In your copy, include every line of the listing below exactly but none of the pictures.
*** Opening AVAILABLE DATA ***
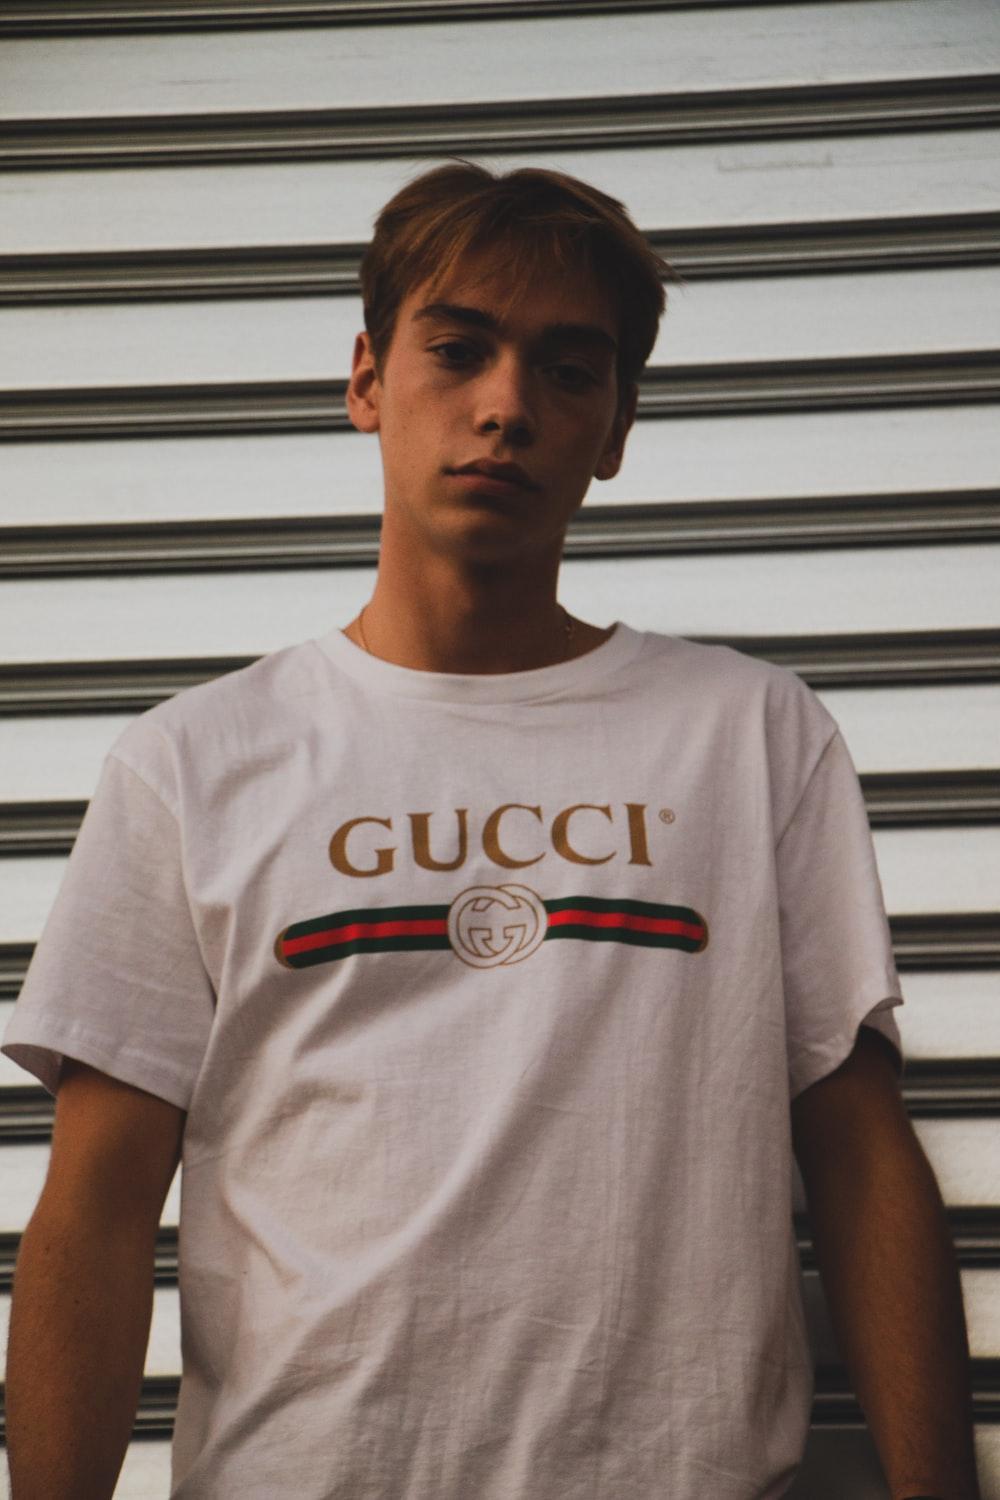 man wearing white Gucci shirt photo
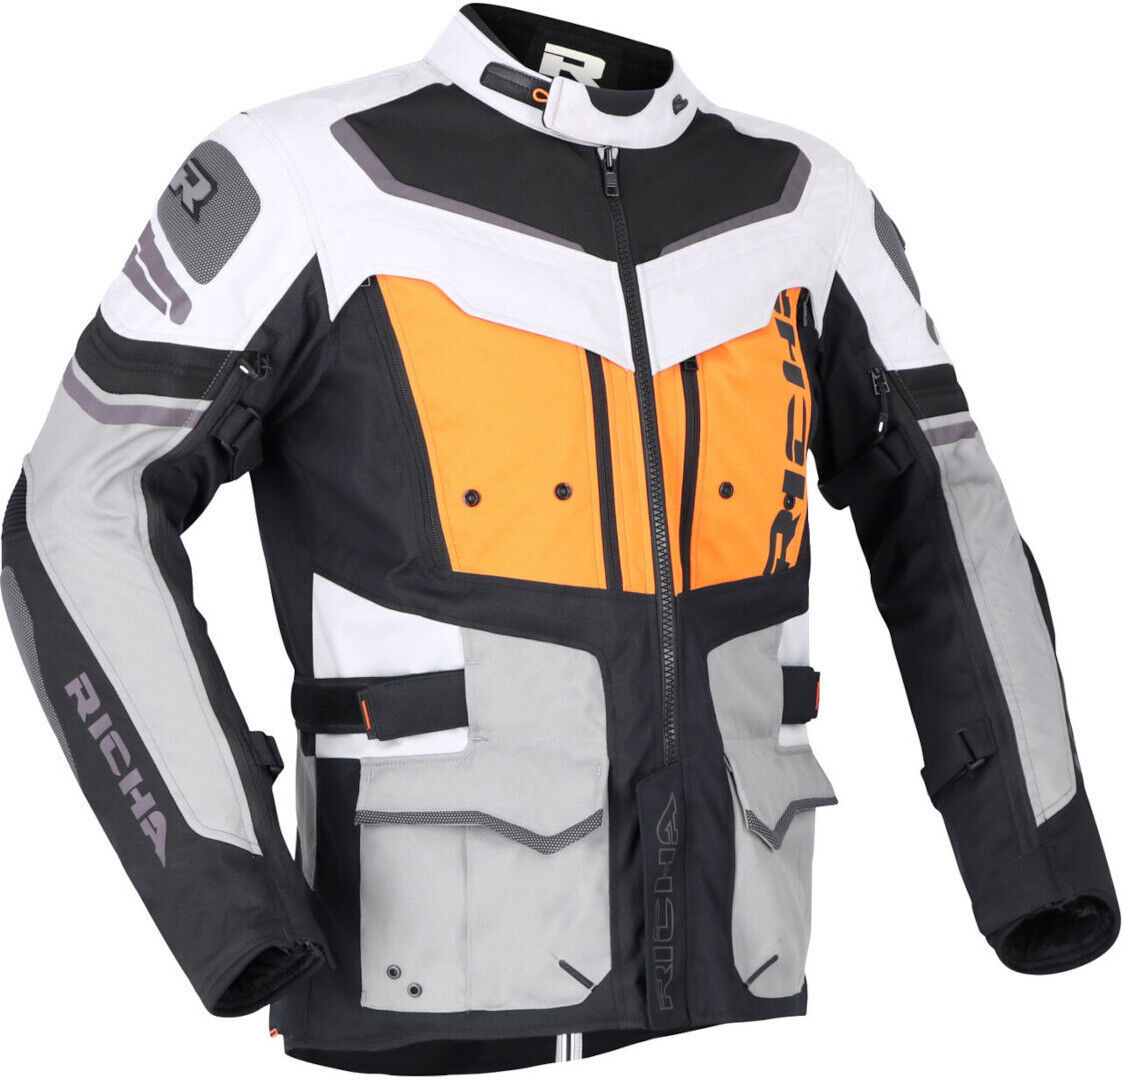 Richa Infinity 2 Adventure chaqueta textil impermeable para motocicleta - Negro Gris Naranja (S)
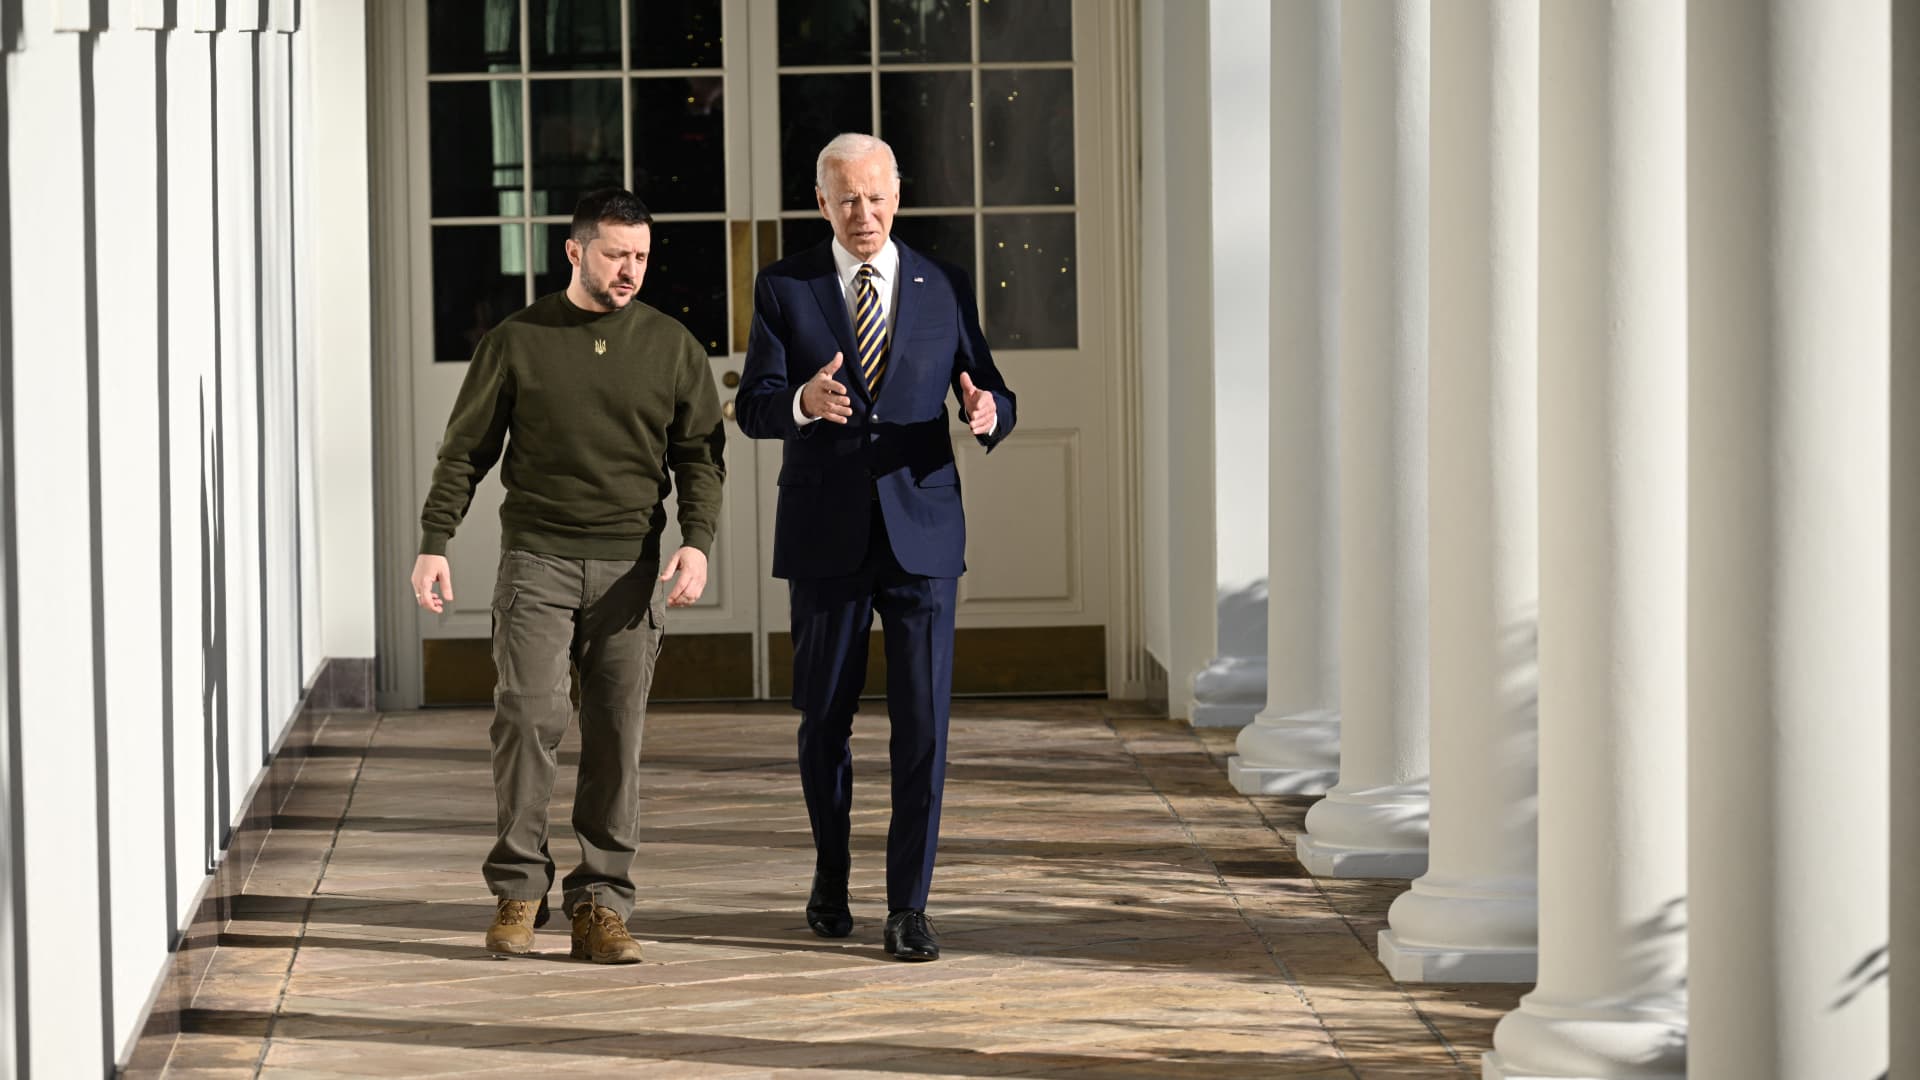 US President Joe Biden walks with Ukraine's President Volodymyr Zelensky through the colonnade of the White House, in Washington, DC on December 21, 2022.
*** Closing AVAILABLE DATA ***
ANSWER BOX:
 man wearing white Gucci shirt photo
 Richa Infinity 2 Adventure chaqueta textil impermeable para motocicleta - Negro Gris Naranja (S)
 US President Joe Biden walks with Ukraine's President Volodymyr Zelensky through the colonnade of the White House, in Washington, DC on December 21, 2022.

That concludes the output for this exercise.